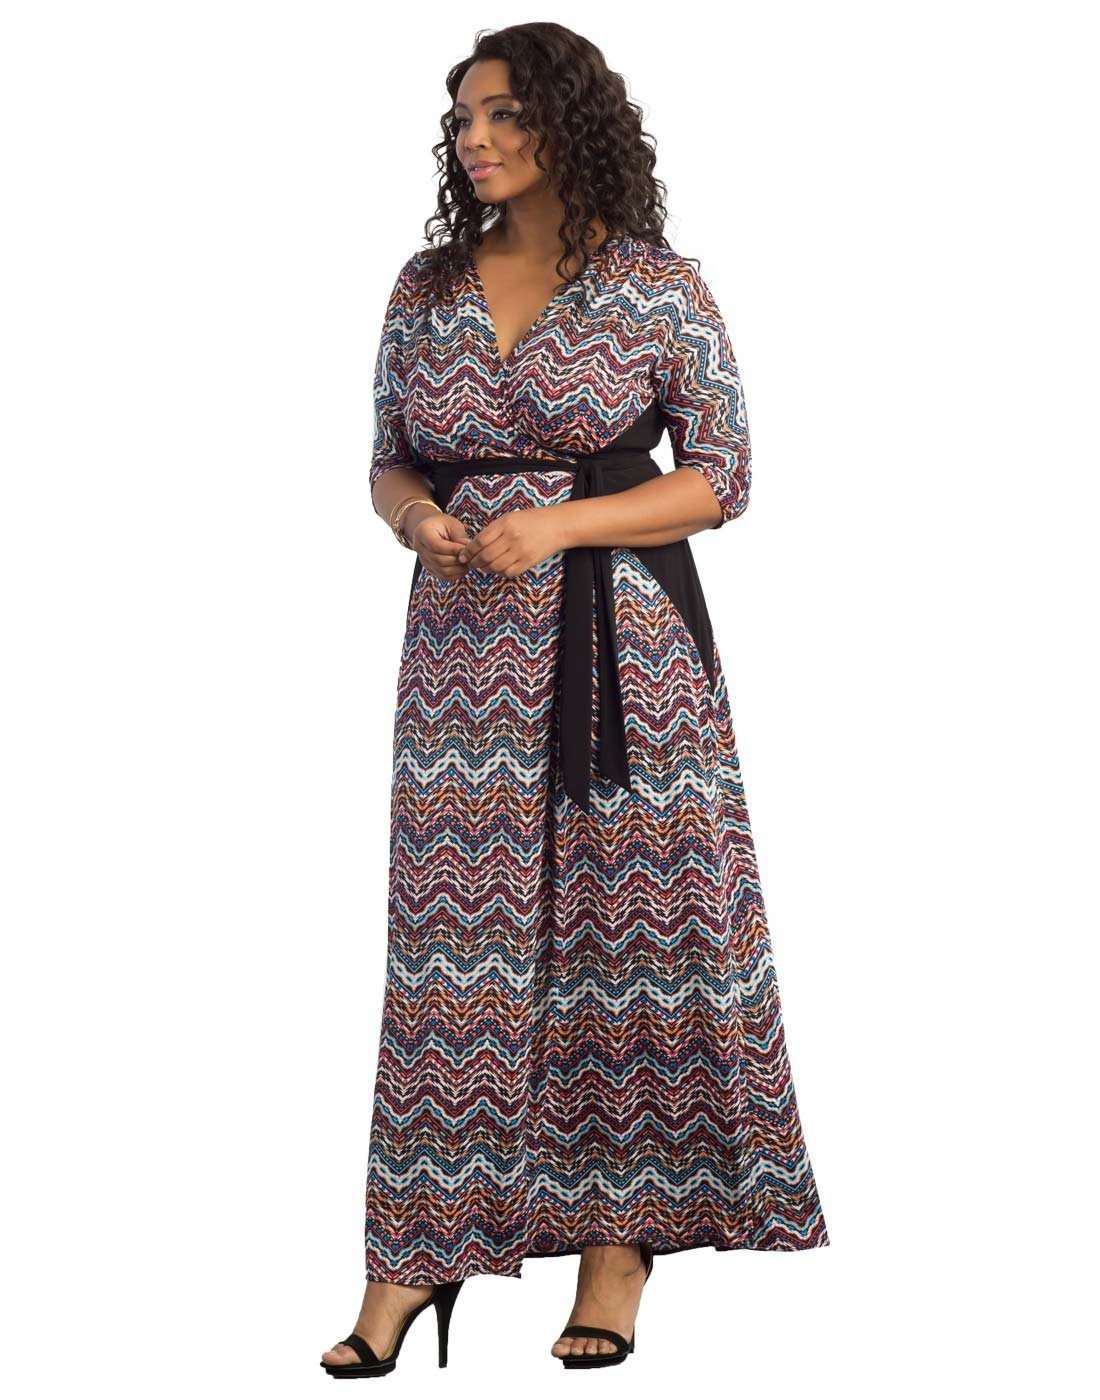 Kiyonna Women's Plus Size Moroccan Maxi Wrap Dress 2X Chevron Mix Print
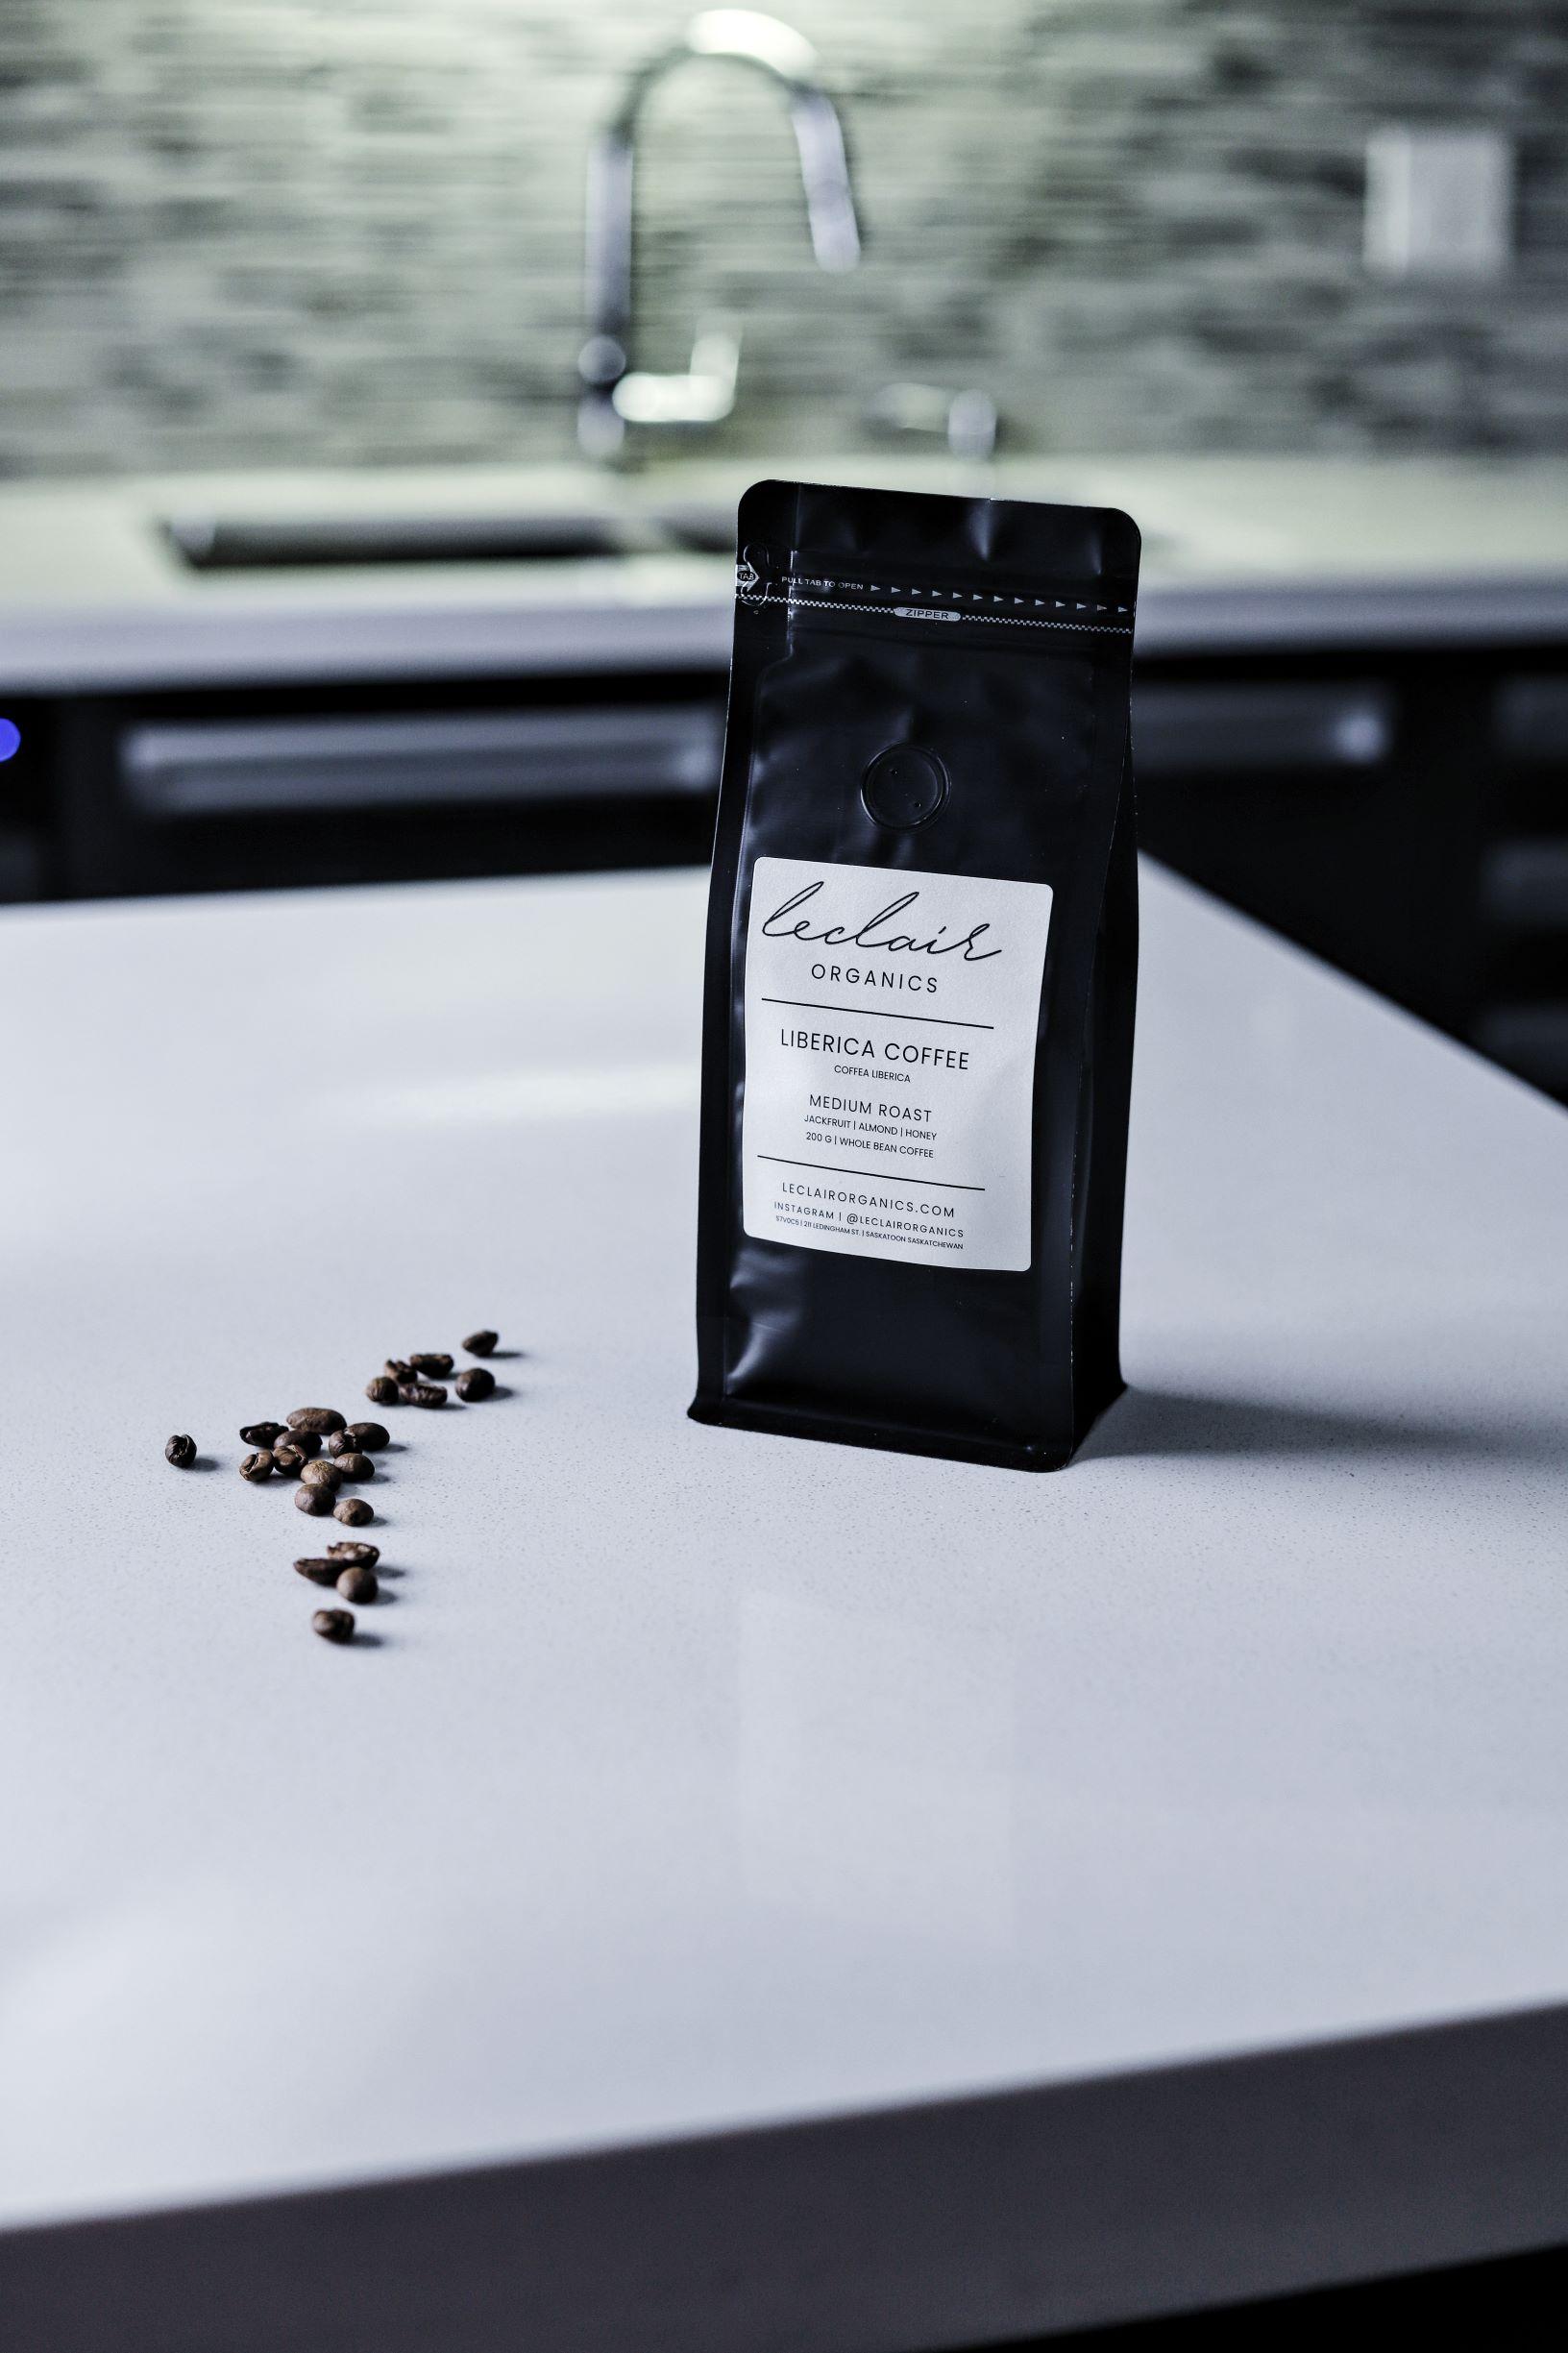 LeClair Organics Saskatoon Founded, Liberica Coffee bag, use in espresso martini recipes
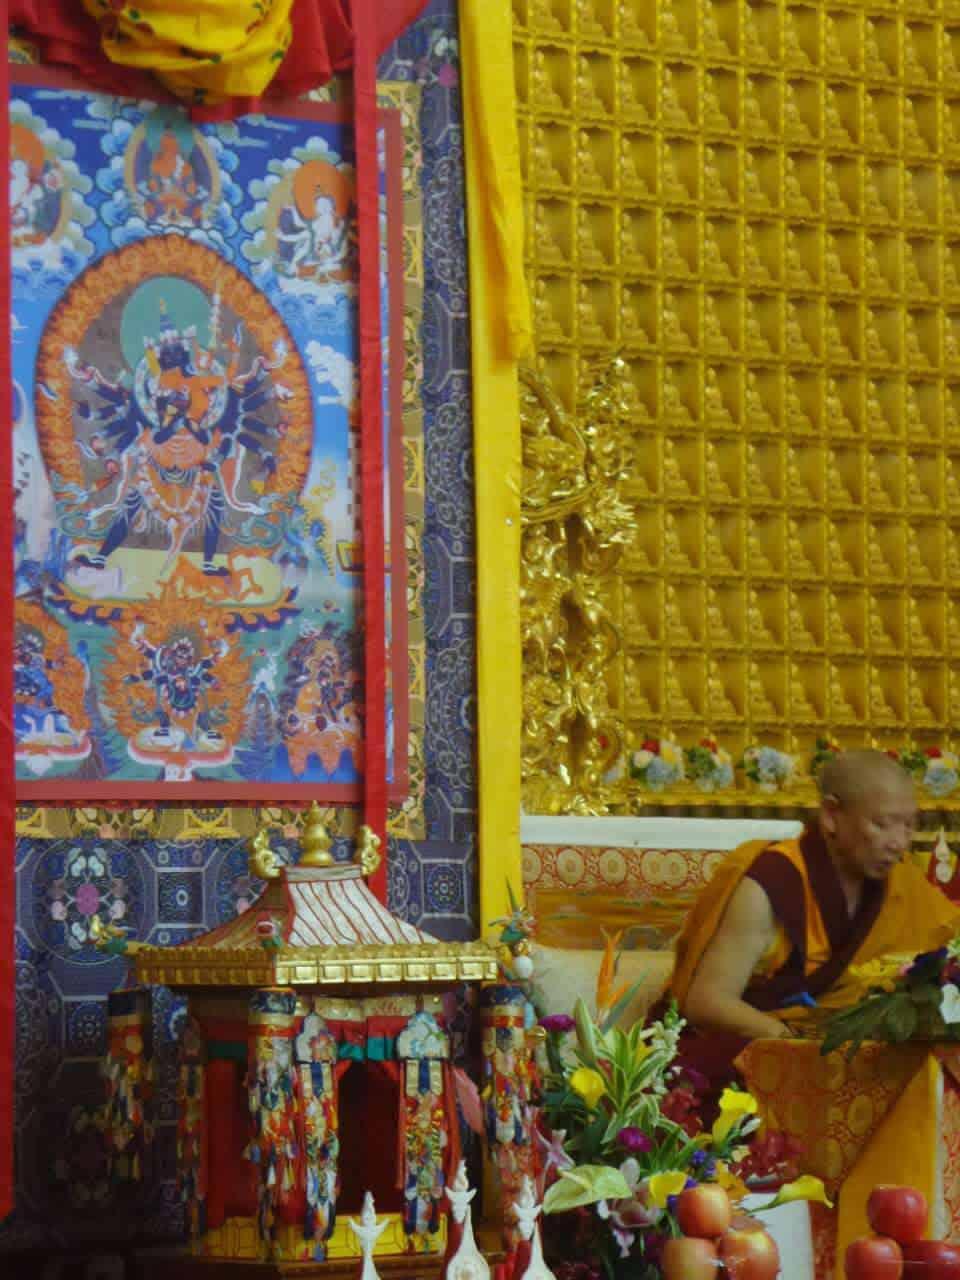 gosok-rinpoche-2016-10-215694223494253518
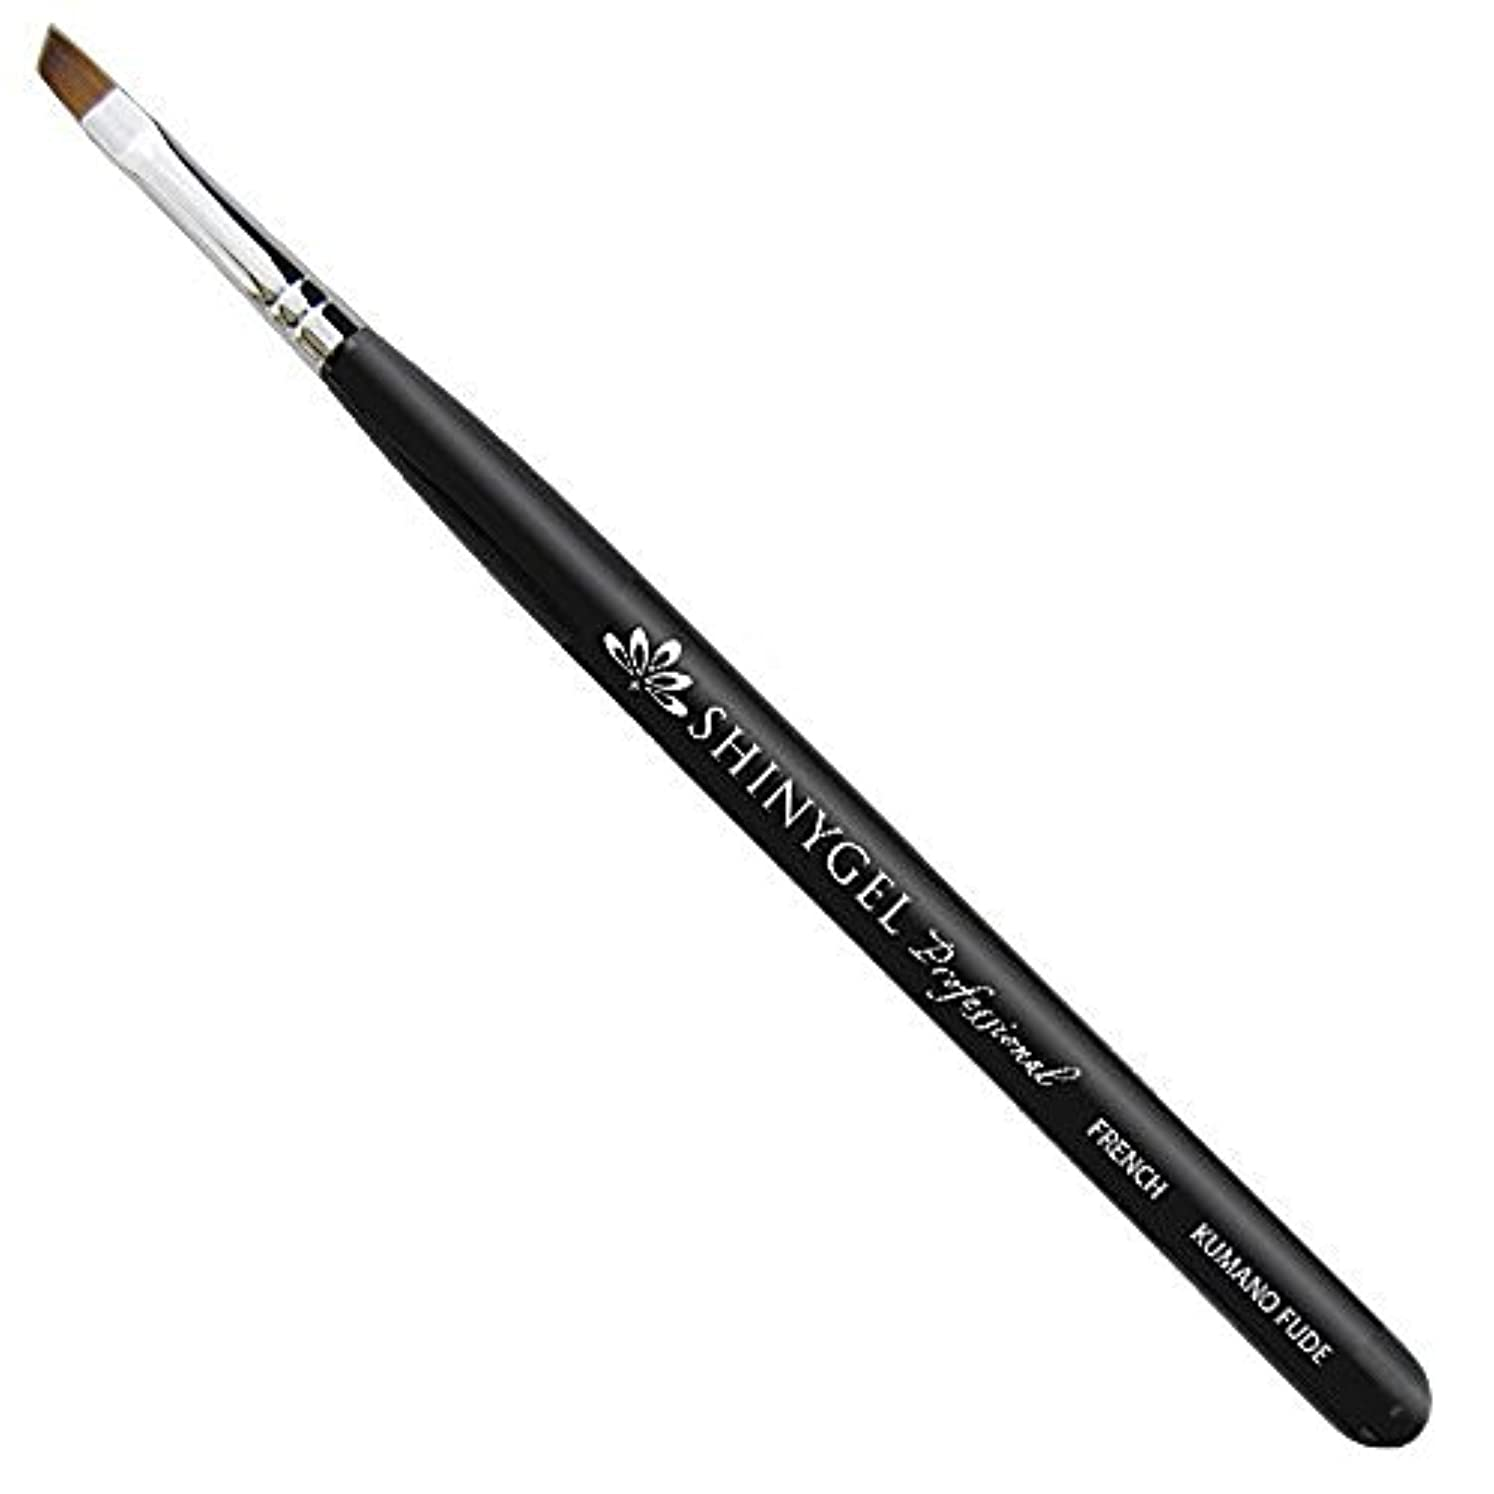 SHINY GEL ジェルブラシ フレンチ 熊野筆

Brief >>
Leaving the pictures out, copy exactly the lines from the line that contains "LeClair Organics Saskatoon" to the last line of the data, both ends included.

Exercise response >>
 LeClair Organics Saskatoon Founded, Liberica Coffee bag, use in espresso martini recipes
 gosok-rinpoche-2016-10-215694223494253518
 SHINY GEL ジェルブラシ フレンチ 熊野筆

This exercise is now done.